Apabila keluarga baik,
maka masyarakat pun akan ikut menjadi baik
dan sebaliknya
jika keluarga rusak,
maka masyarakat akan menjadi rusak pula.

Oleh karena itu,
Islam memberikan perhatian kepada urusan keluarga,
dengan perhatian yang sangat besar,
sebagaimana Islam juga mengatur
hal-hal yang dapat menjamin
keselamatan dan kebahagiaan keluarga tersebut.

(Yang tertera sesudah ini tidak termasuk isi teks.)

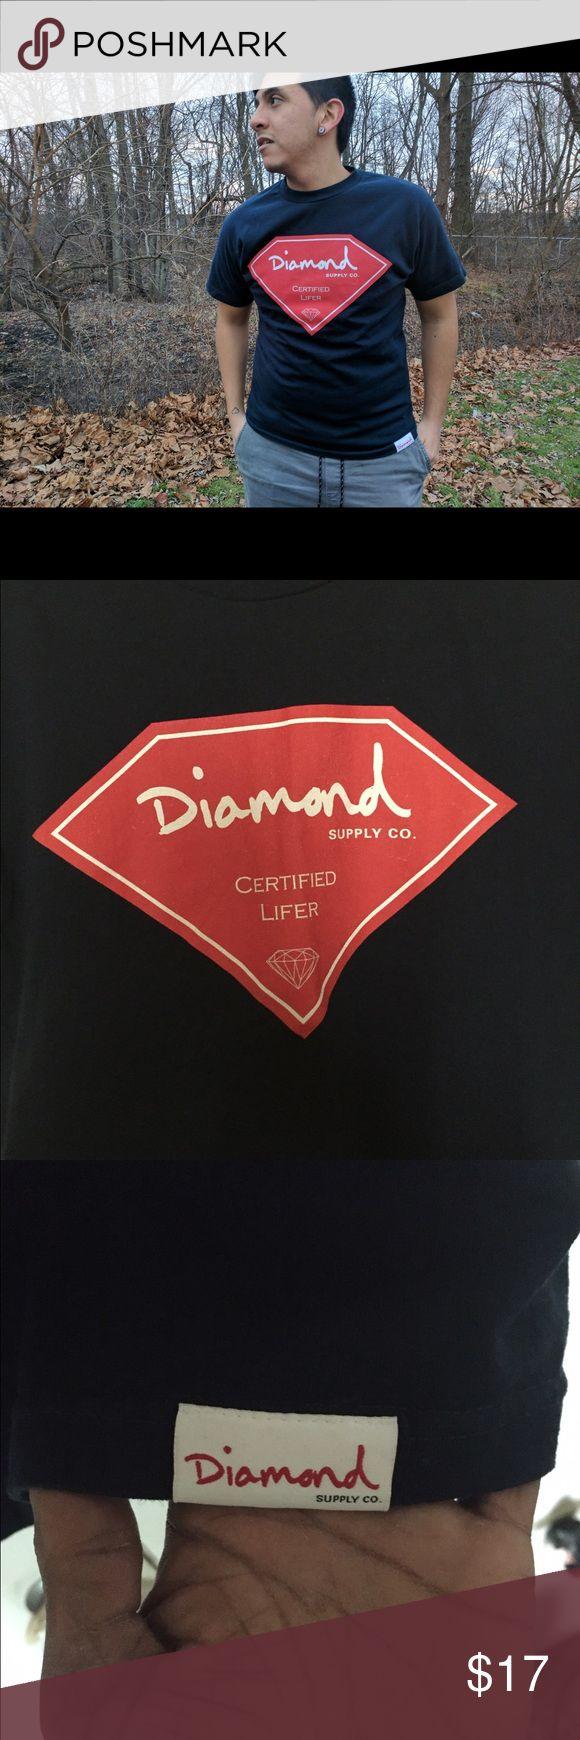 Fire Diamond supply company og Diamond supply company size medium og Diamond Supply Co. Shirts Tees - Short Sleeve
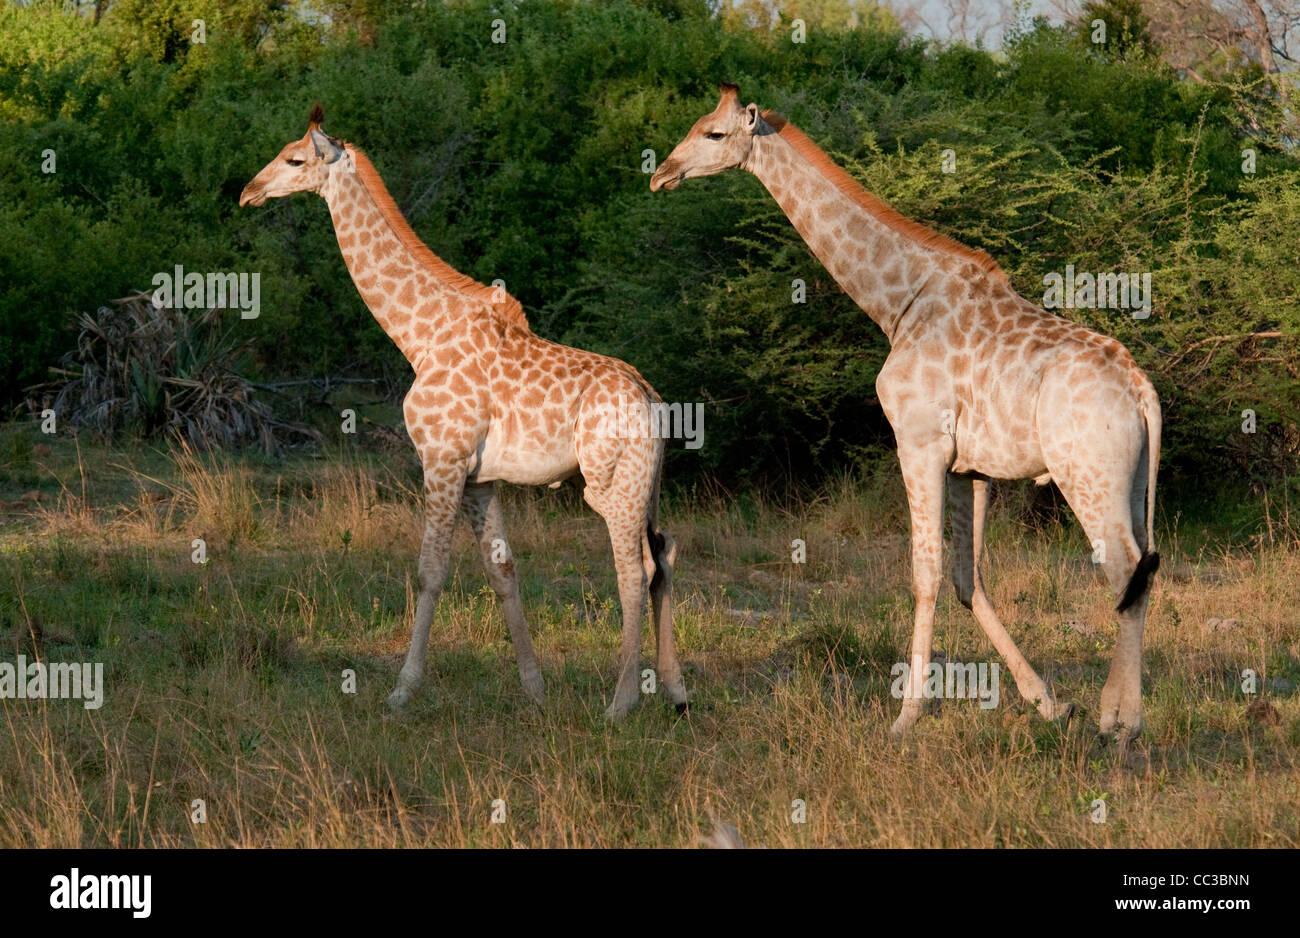 Africa Botswana Tuba Tree-Two South African Giraffes walking (Giraffa camelopardalis) - Stock Image

Islam mengibaratkan keluarga
seperti suatu lembaga
yang berdiri di atas suatu kerjasama
antara dua orang.

Penanggung jawab yang pertama
dalam kerjasama tersebut
adalah suami.

Allah berfirman:

“Kaum laki-laki itu adalah
pemimpin bagi kaum wanita,
oleh karena
Allah telah melebihkan sebagian mereka
(laki-laki)
atas sebagian yang lain (wanita)
dan karena mereka (laki-laki)
telah menafkahkan sebagian dari harta mereka.
Sebab itu,
maka wanita yang shalih ialah
yang taat kepada Allah
lagi memelihara diri ketika suaminya tidak ada,
oleh karena Allah telah memelihara (mereka). ” [An-Nisaa’: 34]

Islam menentukan
hak-hak di antara keduanya
yang dengan menjalankan hak-hak tersebut,
maka
akan tercapai ketenteraman dan keberlangsungan lembaga.

Islam menyuruh keduanya
agar menunaikan apa yang menjadi kewajibannya
dan tidak mempermasalahkan
beberapa kesalahan kecil yang mungkin saja terjadi.